- Opening Delimiter -

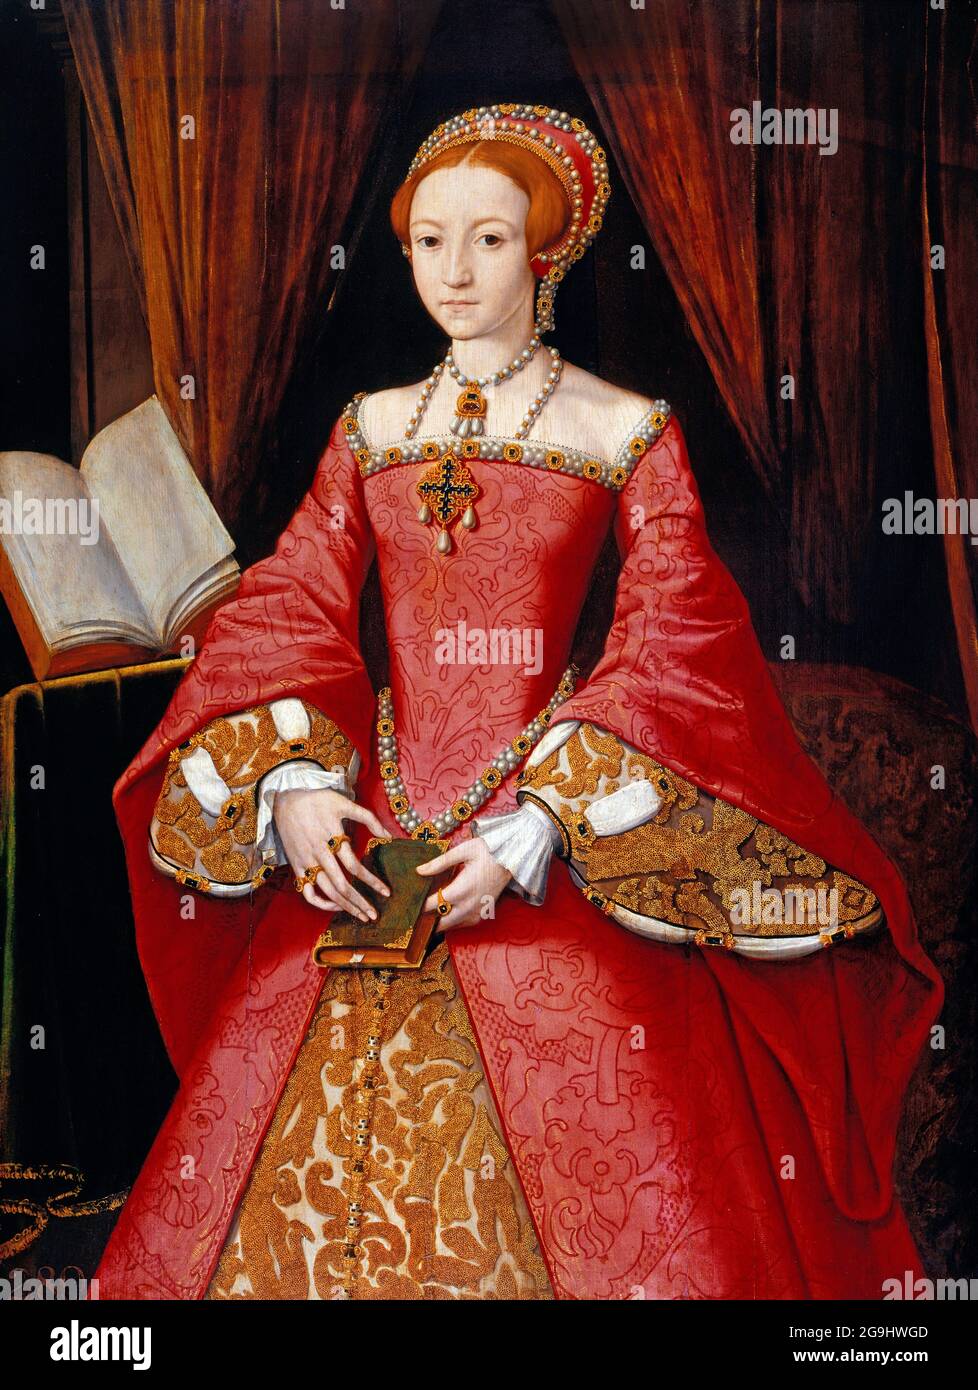 Elizabeth I. Porträt der zukünftigen Königin Elizabeth I. (1533-1603) als Prinzessin Elizabeth im Alter von 12 Jahren. Porträt von William Scrots, 1546/7 Stockfoto
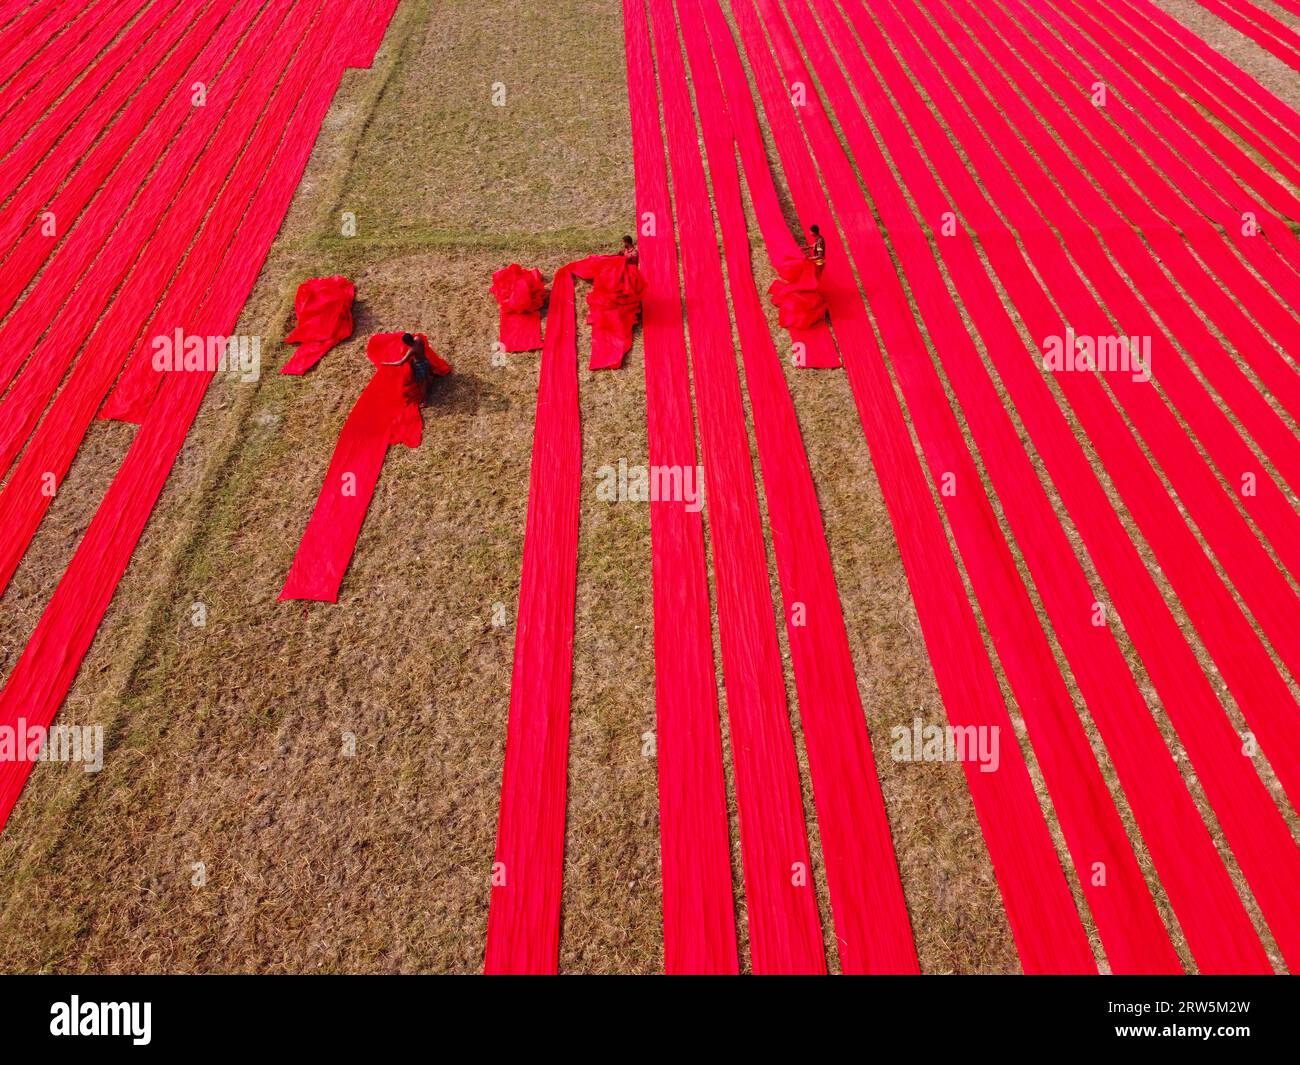 Narsingdi, Bangladesh. 17 septembre 2023. Des centaines de mètres de tissus rouge vif sont disposés en rangées nettes à travers un champ à Narsingdi, au Bangladesh. Connus sous le nom de «Lal Shalu» par les habitants, les longs tissus rouges sont mis à sécher sous le soleil chaud, après avoir été teints avec une couleur rouge vif. L'utilisation de la lumière du soleil pour sécher les tissus réduit les coûts de production car elle est moins chère et plus durable. La méthode de séchage écologique couvre une superficie égale à 5 terrains de football et prend jusqu'à 6 heures à compléter après avoir été placé par les travailleurs au lever du soleil. Crédit : Joy Saha/Alamy Live News Banque D'Images
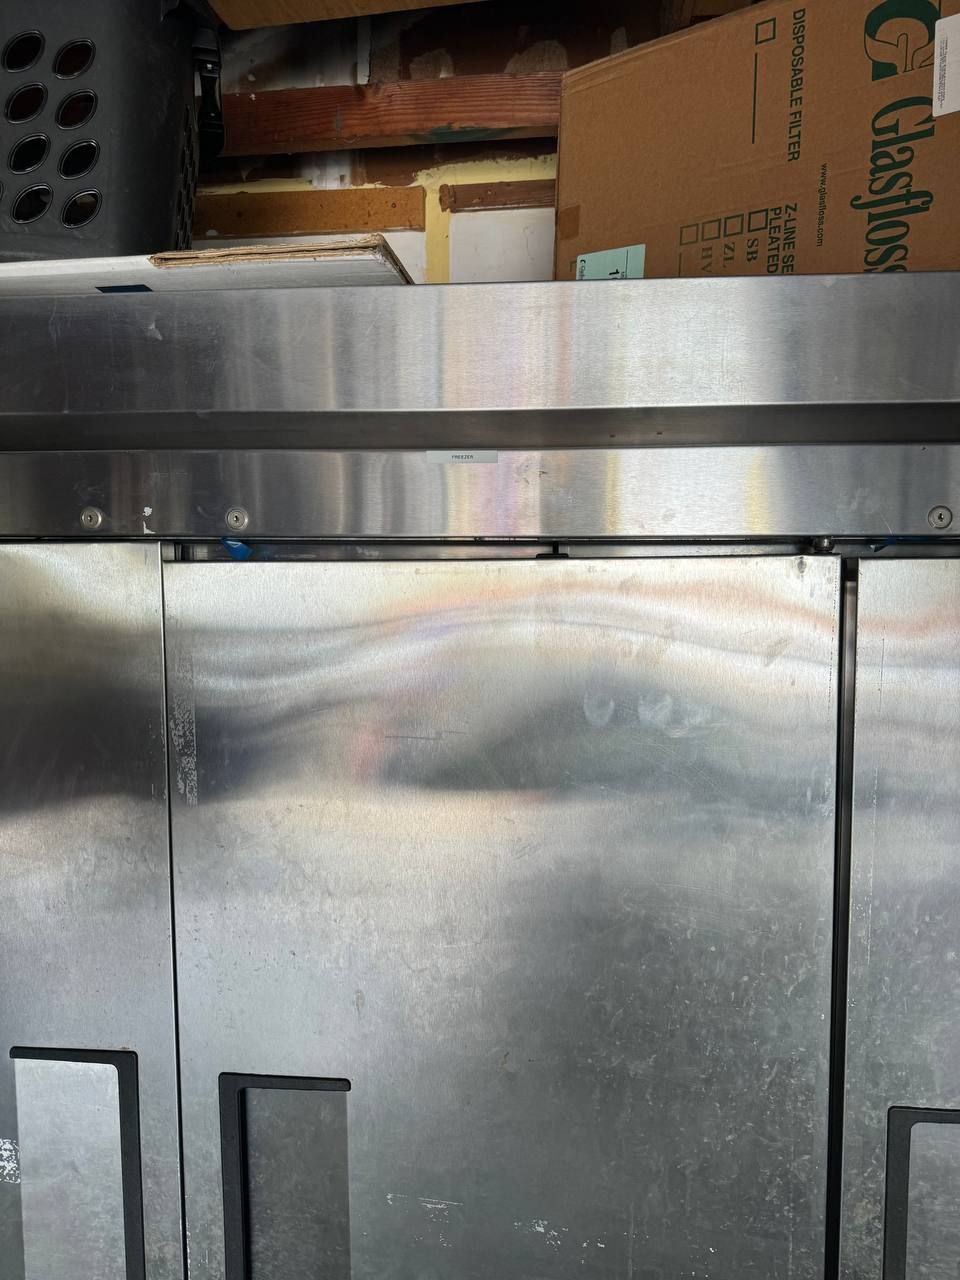 Freezer True Repair in San Diego
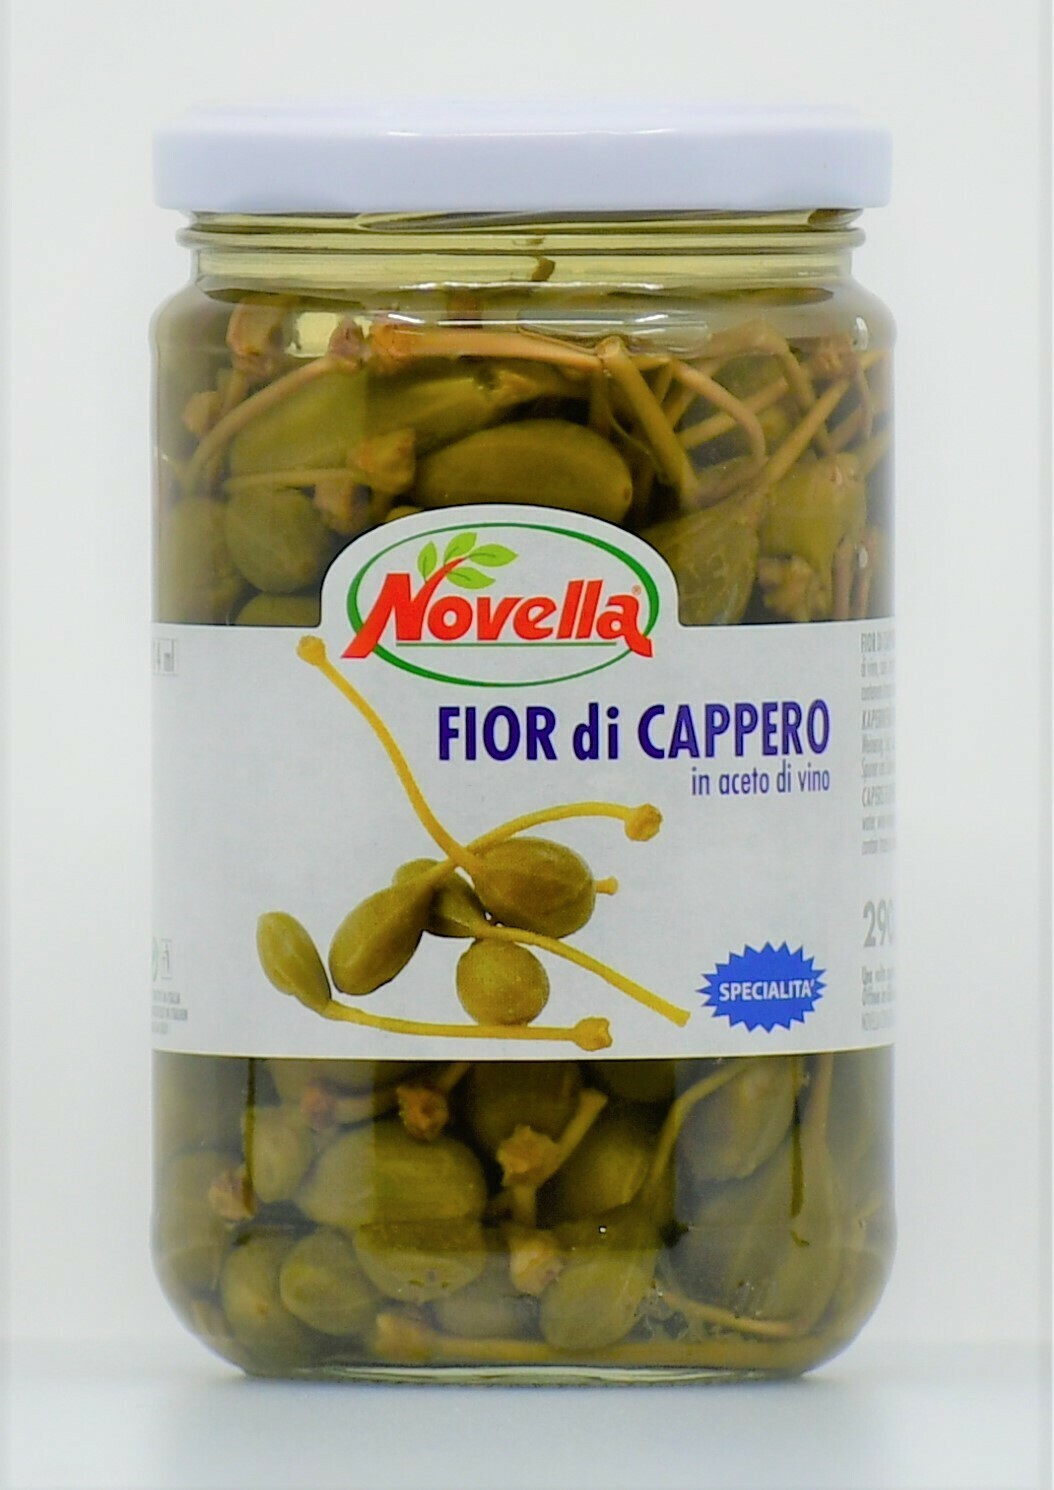 Capers flowers in vinegar 314 ml
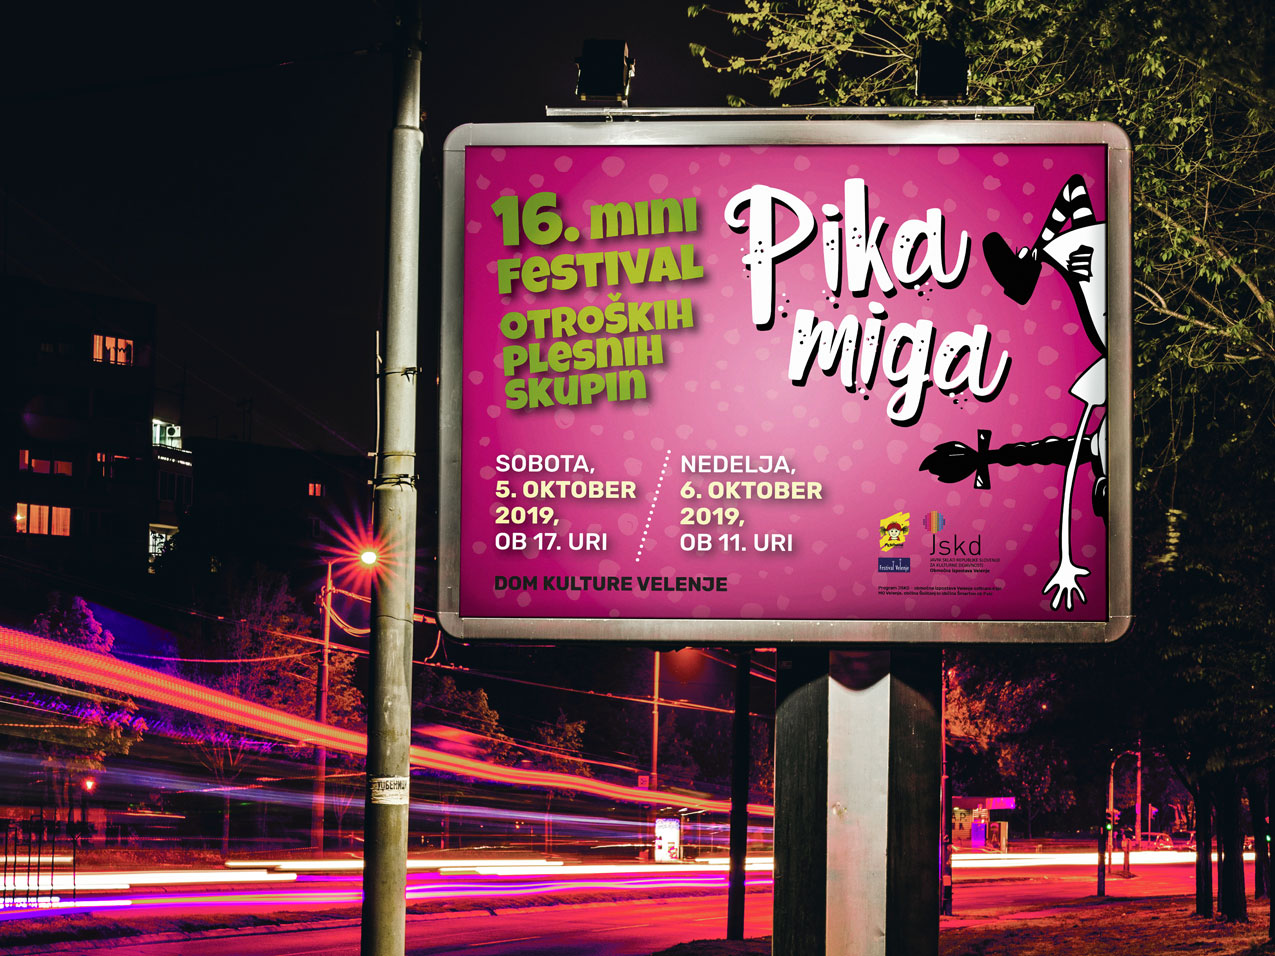 Mini plesni festival - Pika miga 2019
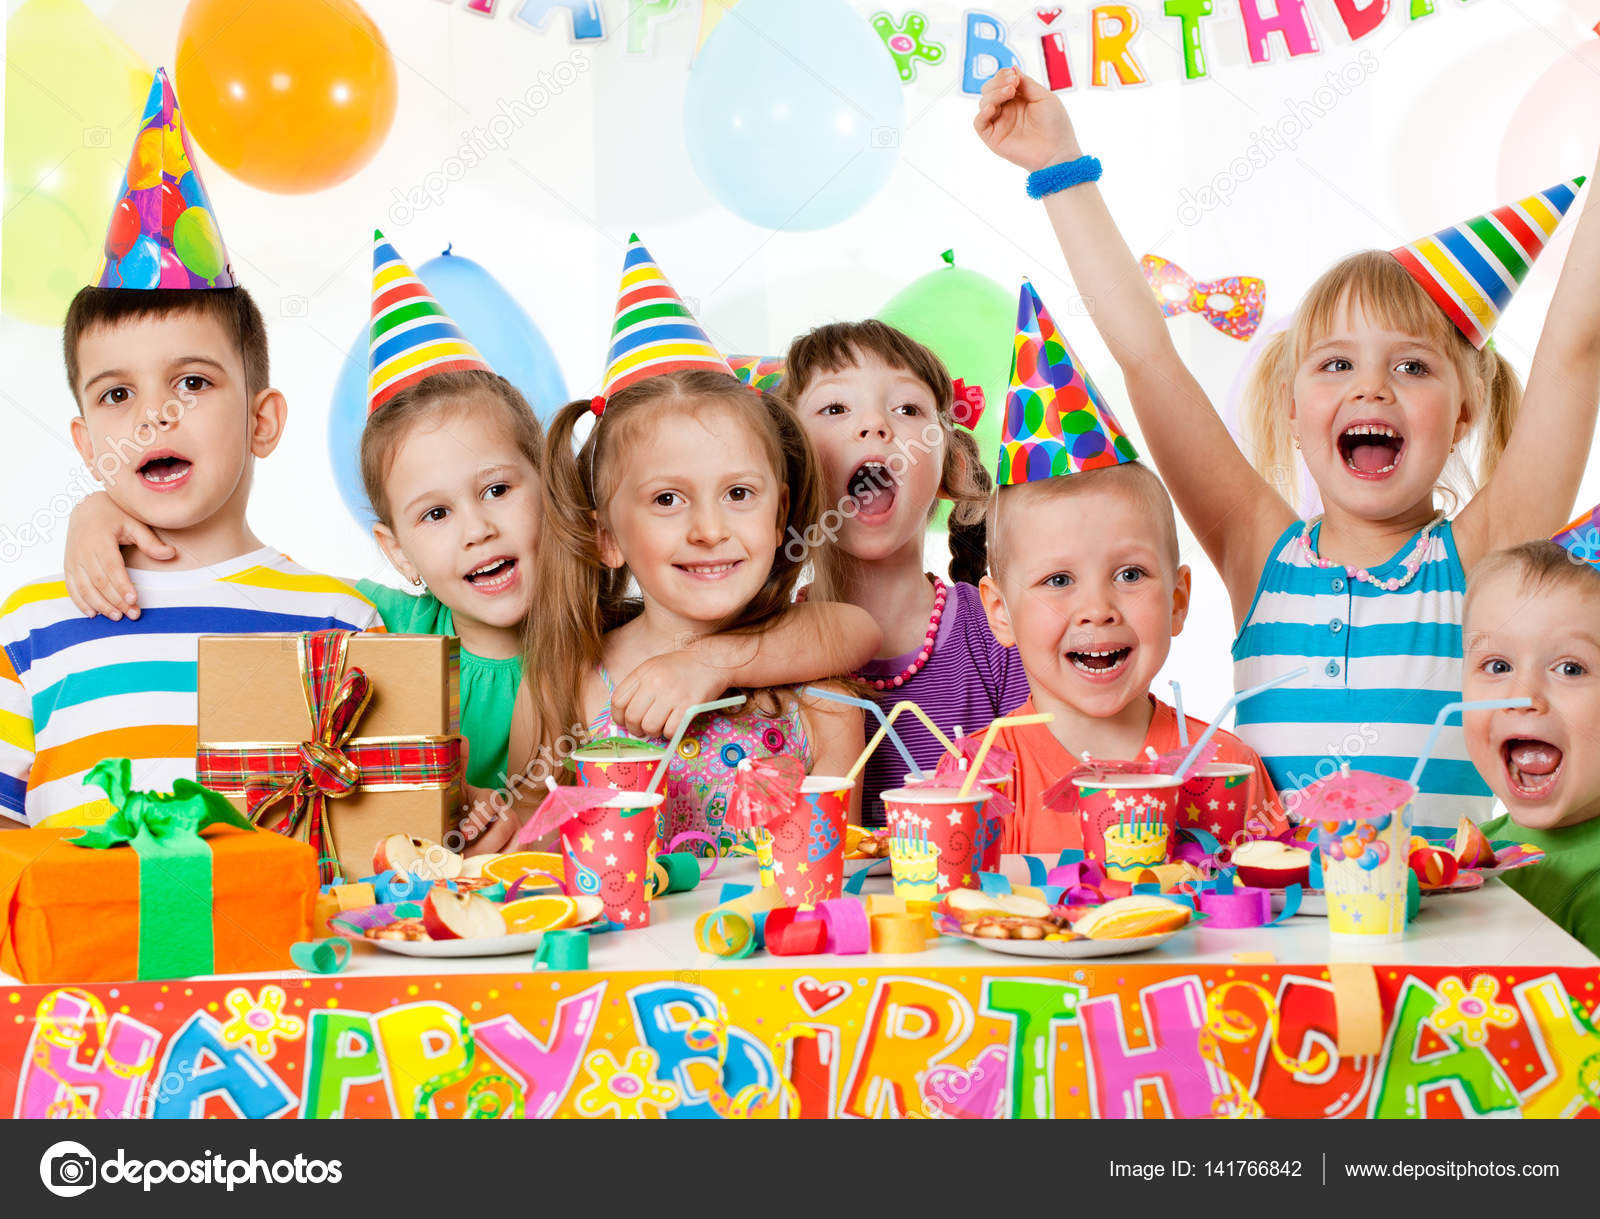 Happy kids birthday Stock Photo by ©yanlev 141766842

- Closing Delimiter -

AIM OF THE TASK — Print only the lines from the one with "Mini plesni festival - Pika miga 2019" through the last line of the data above, exactly and with both ends, and please omit any pictures.

ANSWER SECTION —
 Mini plesni festival - Pika miga 2019
 Happy kids birthday Stock Photo by ©yanlev 141766842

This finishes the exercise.